Install Fail2Ban and create a local jail config (we never edit jail.conf directly, since updates overwrite it):
sudo apt install fail2ban -y
sudo cp /etc/fail2ban/jail.conf /etc/fail2ban/jail.local
Create a custom filter for WordPress at /etc/fail2ban/filter.d/wordpress.conf:
[Definition]
failregex = ^<HOST> .* "(GET|POST) /wp-login.php
^<HOST> .* "(GET|POST) /xmlrpc.php
ignoreregex =
Append a matching jail to /etc/fail2ban/jail.local:
[wordpress]
enabled = true
port = http,https
filter = wordpress
logpath = /var/log/nginx/access.log
maxretry = 5
bantime = 86400
findtime = 600
Restart Fail2Ban and check the jail status:
sudo systemctl restart fail2ban
sudo fail2ban-client status wordpress
The output shows the file being watched, current and total failed attempts, and the list of currently banned IPs. After a few hours of public exposure the Banned IP list will start filling up.
Step 7: Disabling XML-RPC if not used
XML-RPC is a legacy WordPress endpoint that allows remote publishing through clients like the WordPress mobile app or Jetpack. Most modern sites do not use it, and it remains one of the most aggressively brute-forced endpoints on the platform.
If the site does not need XML-RPC, the cleanest solution is a server-level block. Add this inside the Nginx server block:
location = /xmlrpc.php {
deny all;
access_log off;
return 444;
}
Reload Nginx with sudo systemctl reload nginx, and any request to /xmlrpc.php gets dropped before WordPress loads.
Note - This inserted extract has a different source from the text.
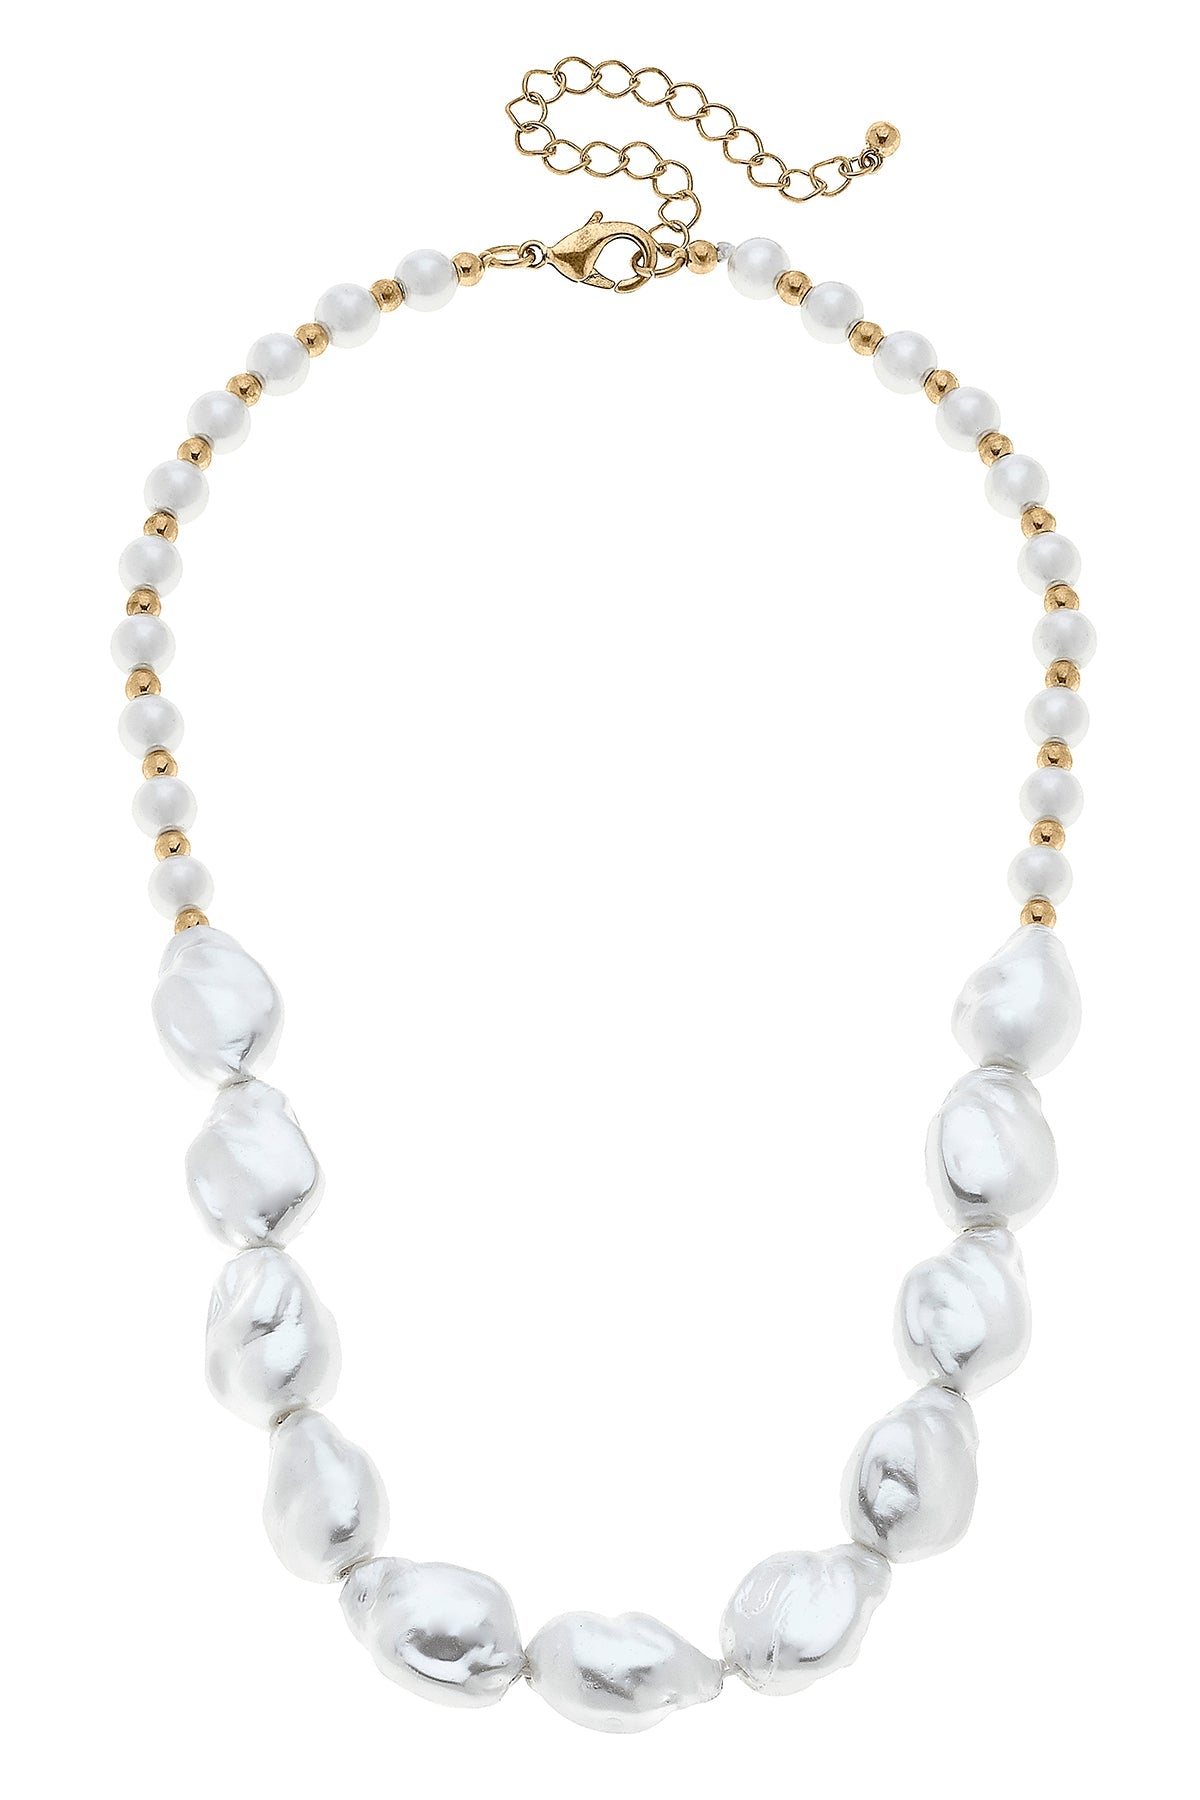 Summer Baroque Pearl & Seed Bead Necklace in Ivory by CANVAS

If XML-RPC is required, restrict access by IP using allow and deny directives in the same block.
Step 8: Backups and recovery
A site without tested backups is a site we have not actually secured. The 3-2-1 rule applies: three copies of the data, on two different media types, with at least one off-site.
A simple bash script handles WordPress backups well. Create /usr/local/bin/wp-backup.sh:
#!/bin/bash
DATE=$(date +%F)
BACKUP_DIR="/var/backups/wp"
mkdir -p $BACKUP_DIR
cd /var/www/html
wp db export $BACKUP_DIR/db-$DATE.sql --allow-root
tar -czf $BACKUP_DIR/files-$DATE.tar.gz wp-content
find $BACKUP_DIR -mtime +7 -delete
Make it executable and schedule it with cron:
sudo chmod +x /usr/local/bin/wp-backup.sh
sudo crontab -e
Add the line:
0 3 * * * /usr/local/bin/wp-backup.sh
The find directive keeps a rolling seven days of local copies. For off-site storage, push the backup directory to S3-compatible object storage. Serverspace offers compatible cloud storage that works with rclone or aws-cli for this purpose.
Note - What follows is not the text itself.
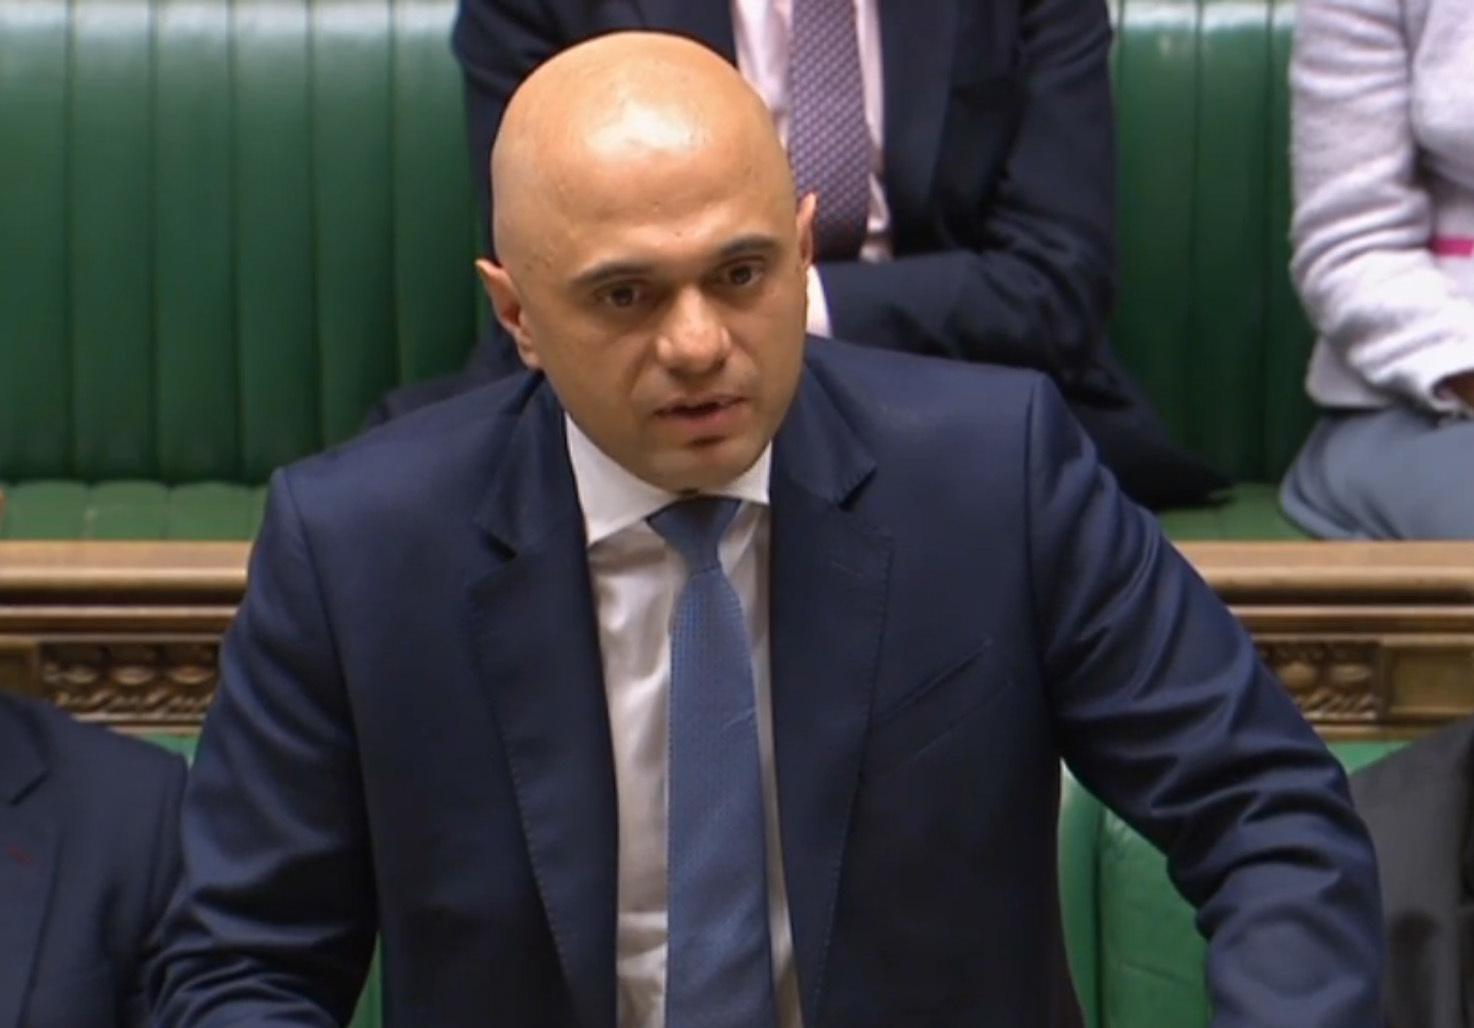 A personal connection to the immigration issue offers Mr Javid a potential level of insight that Amber Rudd could never match

One step matters more than the rest: actually restore a backup once a quarter into a test directory. Backups that have never been tested have a way of failing on the day we need them.
Common mistakes and how to fix them
The table below covers the misconfigurations seen most often when auditing compromised WordPress installations.
| Symptom | Root cause | Solution |
|---|---|---|
| Malware injected through uploads | chmod 777 on wp-content | Reset to 755 directories, 644 files |
| Constant brute force on wp-login | No rate limiting or fail2ban filter | Deploy the wordpress jail from Step 6 |
| Database breach via SQL injection | DB user has GRANT ALL on all databases | Scope the user to the WordPress database only |
| Locked out of SSH after firewall enable | UFW activated before allowing SSH | Recover via hosting console, allow OpenSSH, then enable |
| Plugin update fails after hardening | DISALLOW_FILE_MODS prevents updates | Set to false via SFTP, update, set back to true |
| Admin loads over HTTP after migration | FORCE_SSL_ADMIN not defined | Add the constant, force HTTPS at Nginx level |
| Site whitescreens after permission change | wp-config.php set to 600 with wrong owner | Use 640 with www-data group ownership |
Conclusion
Securing a WordPress site on a VPS is a layered process. The server, the web server, the application, and the data each need their own controls. Start with SSH keys and a firewall, add HTTPS with proper headers, lock down file permissions, harden wp-config, deploy fail2ban, and back up everything off-site.
This baseline blocks the vast majority of automated attacks. Targeted attacks need more, like a WAF (ModSecurity or Cloudflare), regular security audits, and centralized log monitoring, but those build on top of what we covered here.